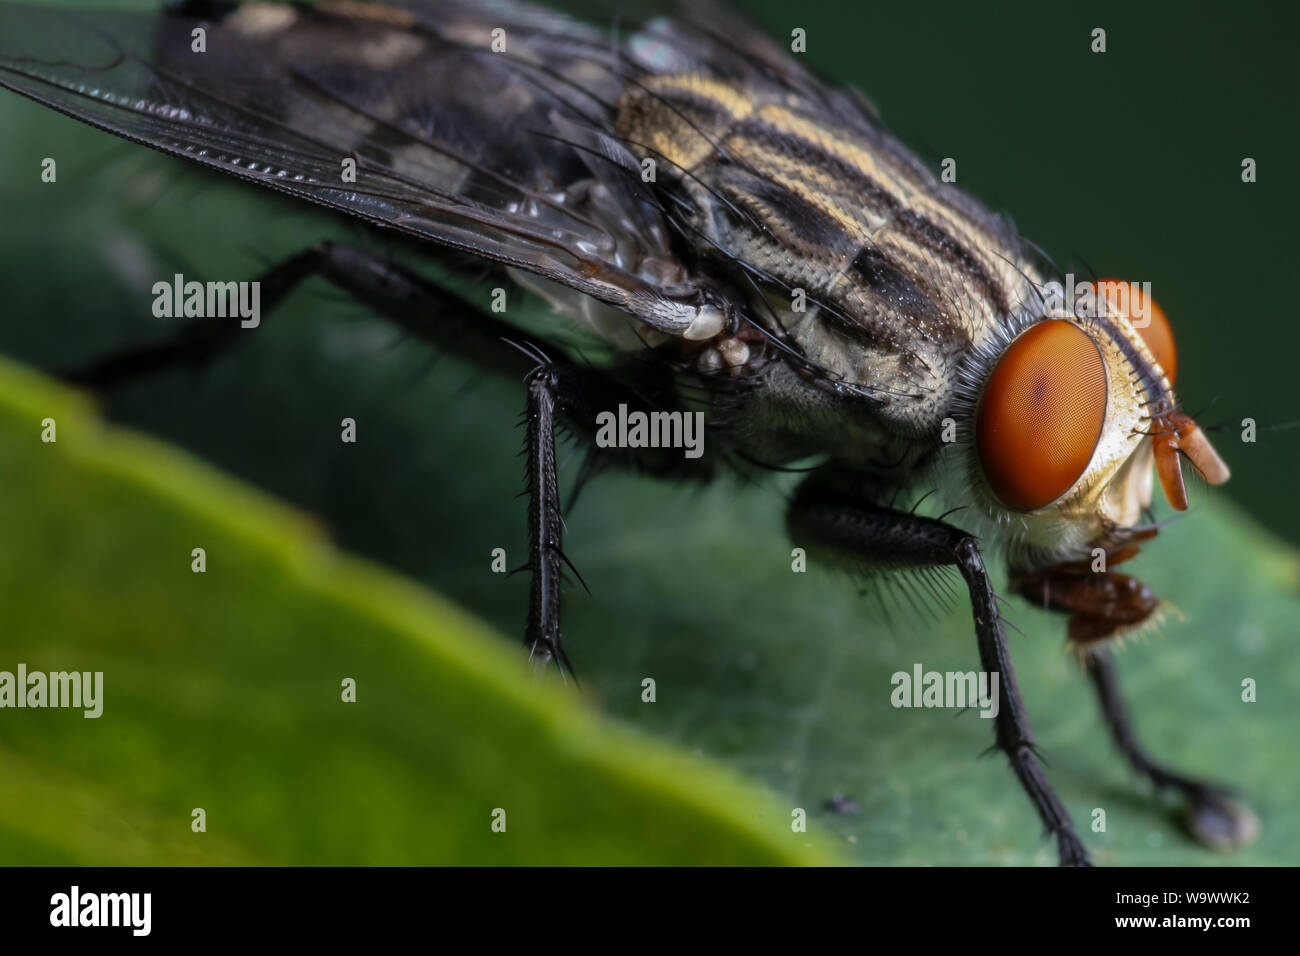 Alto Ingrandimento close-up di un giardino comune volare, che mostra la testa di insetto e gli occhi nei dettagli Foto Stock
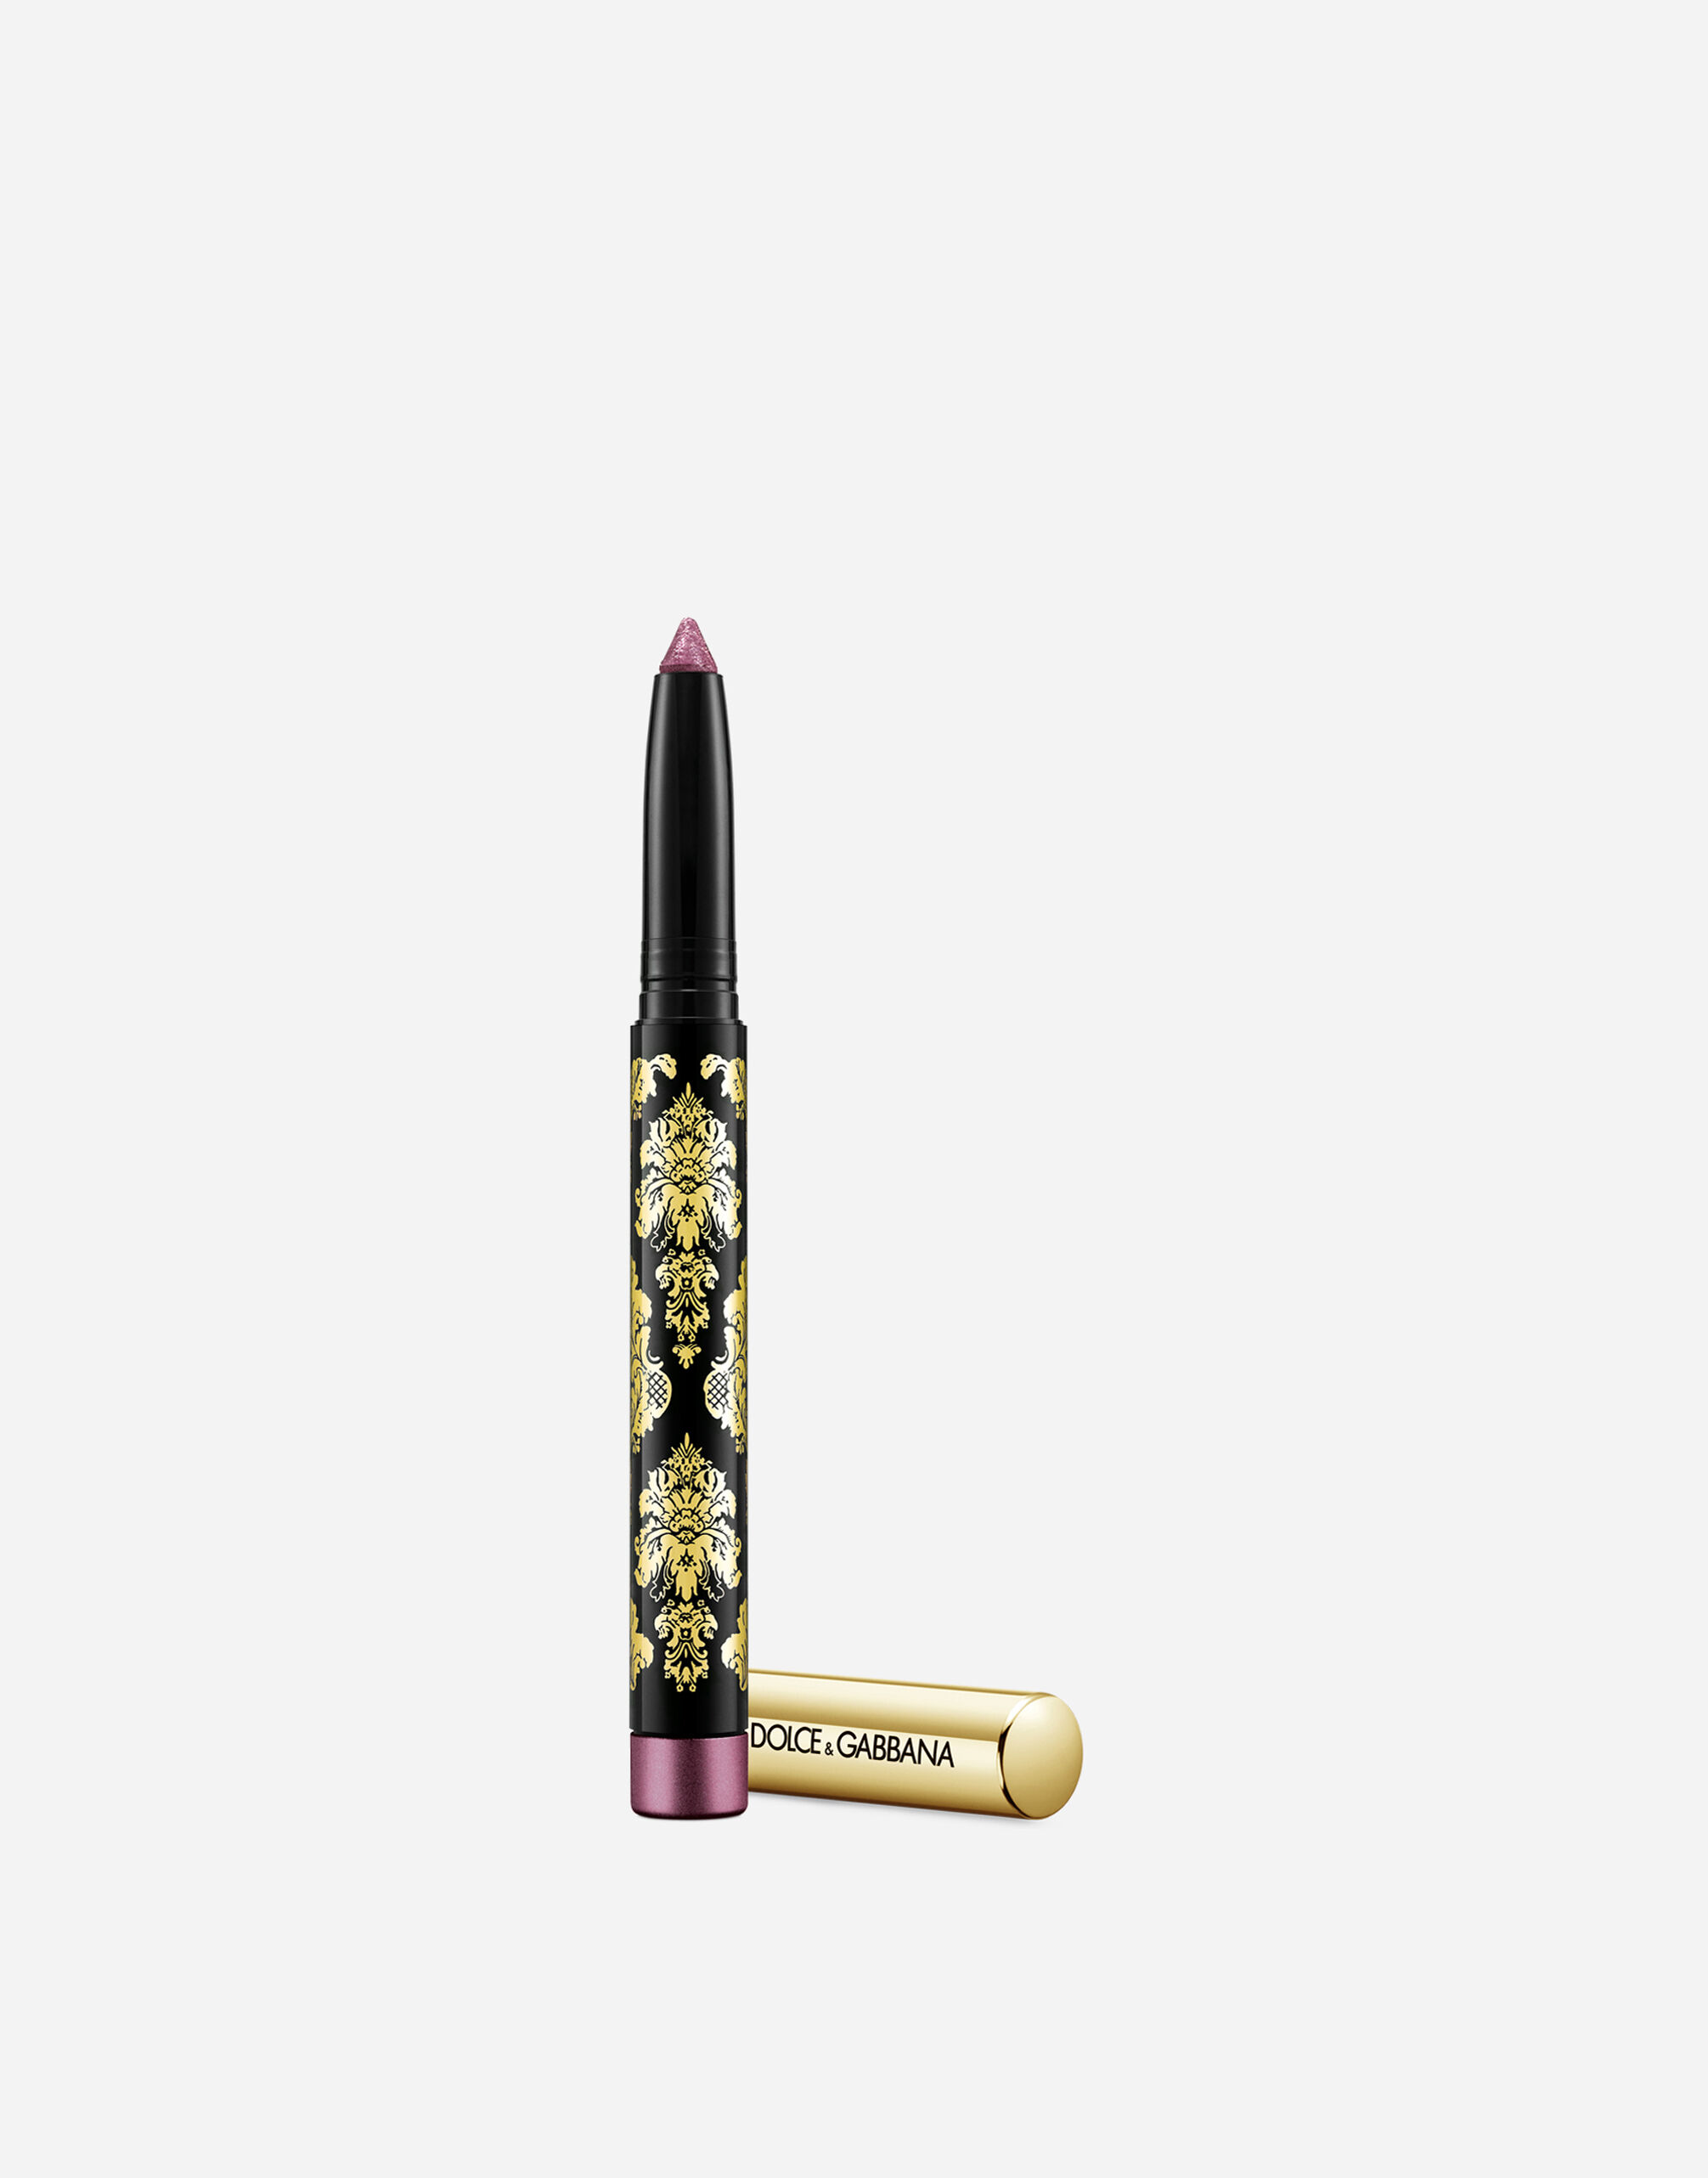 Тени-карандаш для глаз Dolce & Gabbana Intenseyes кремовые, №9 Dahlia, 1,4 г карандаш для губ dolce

--------------------------------------------------

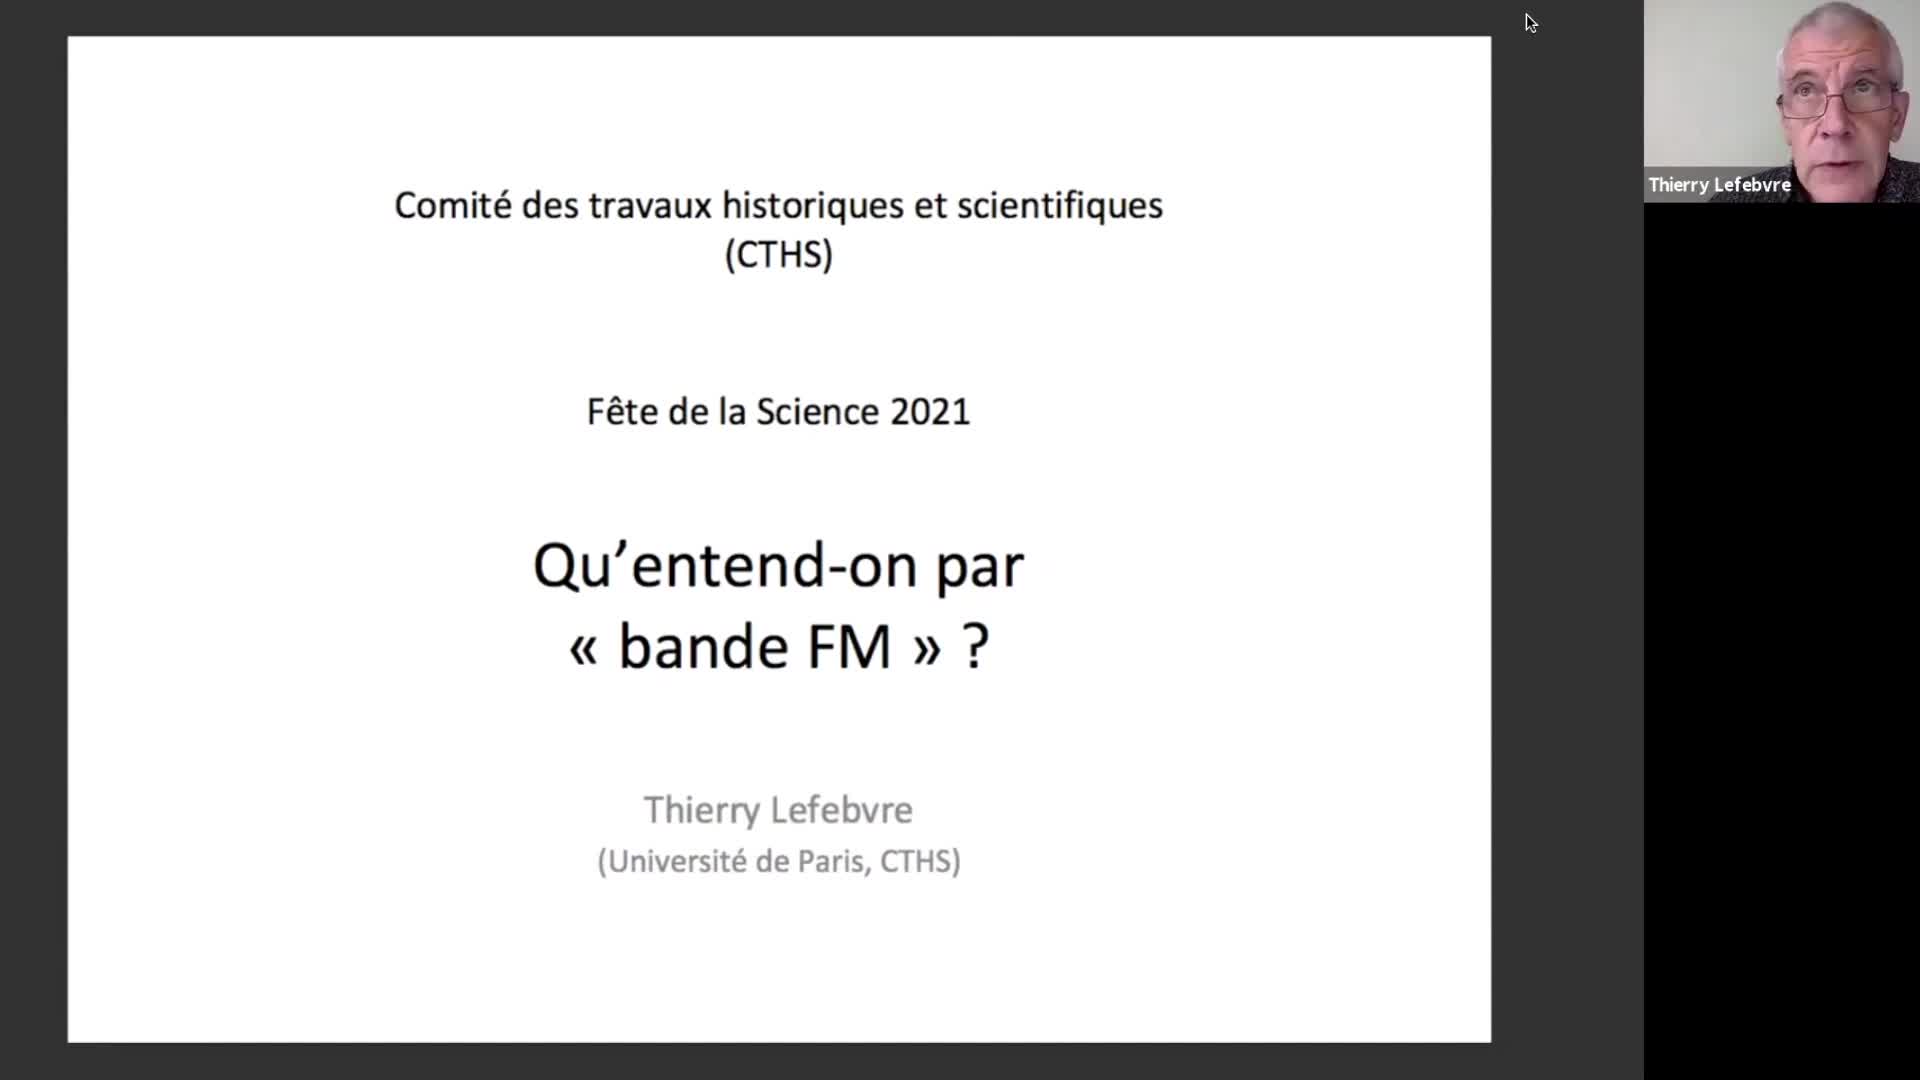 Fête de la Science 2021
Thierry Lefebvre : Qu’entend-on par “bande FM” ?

--------------------------------------------------

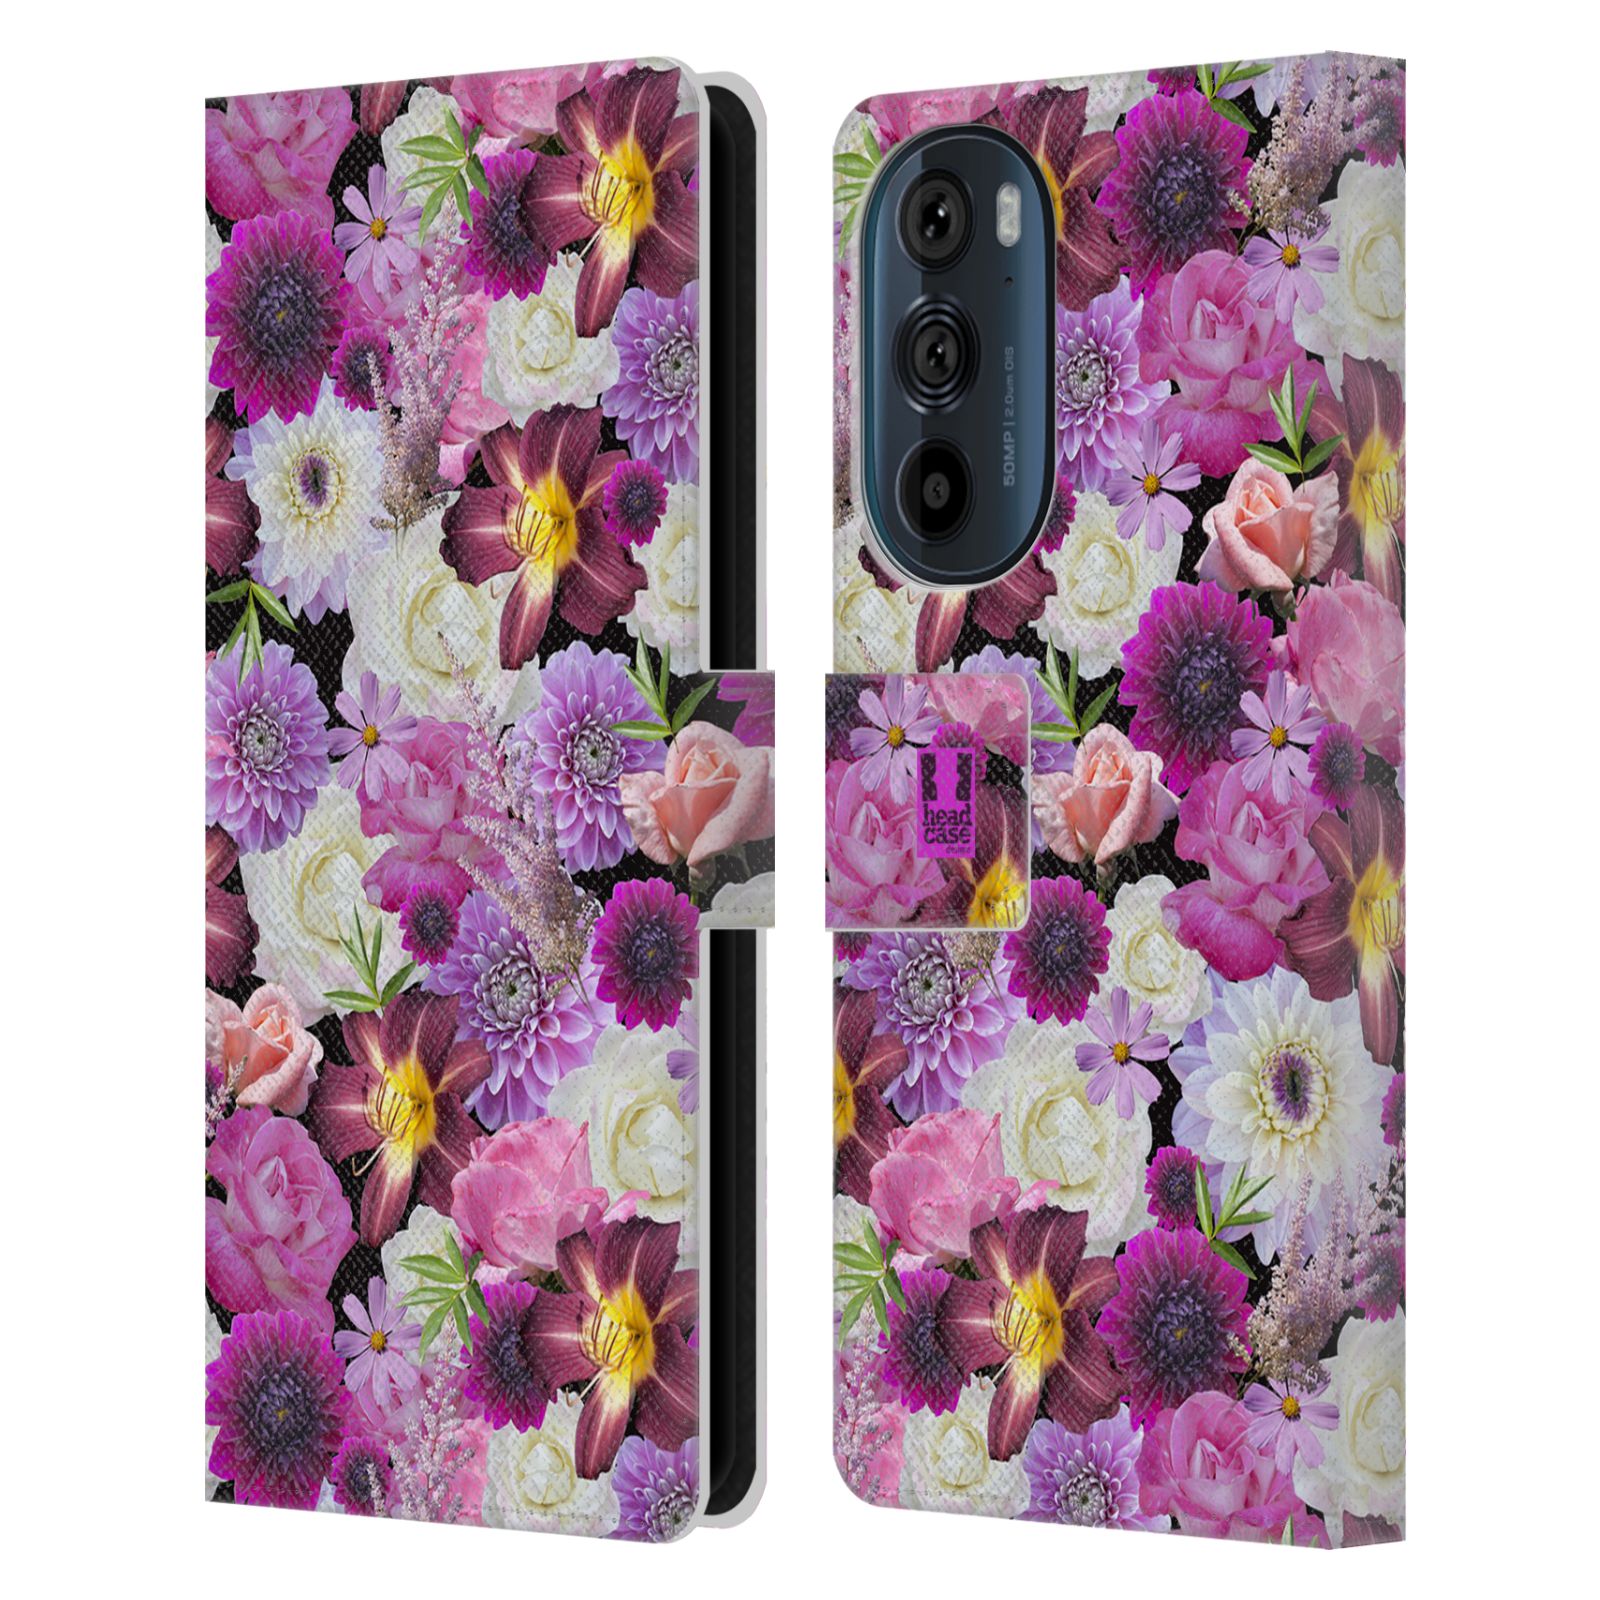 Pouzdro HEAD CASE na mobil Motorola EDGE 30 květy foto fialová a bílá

--------------------------------------------------

The answer is those lines of the material above that run from the one containing "Alto Ingrandimento close-up" up to and including the one containing "Тени-карандаш для глаз", restated exactly and without images.

Finished task:
 Alto Ingrandimento close-up di un giardino comune volare, che mostra la testa di insetto e gli occhi nei dettagli Foto Stock
 Тени-карандаш для глаз Dolce & Gabbana Intenseyes кремовые, №9 Dahlia, 1,4 г карандаш для губ dolce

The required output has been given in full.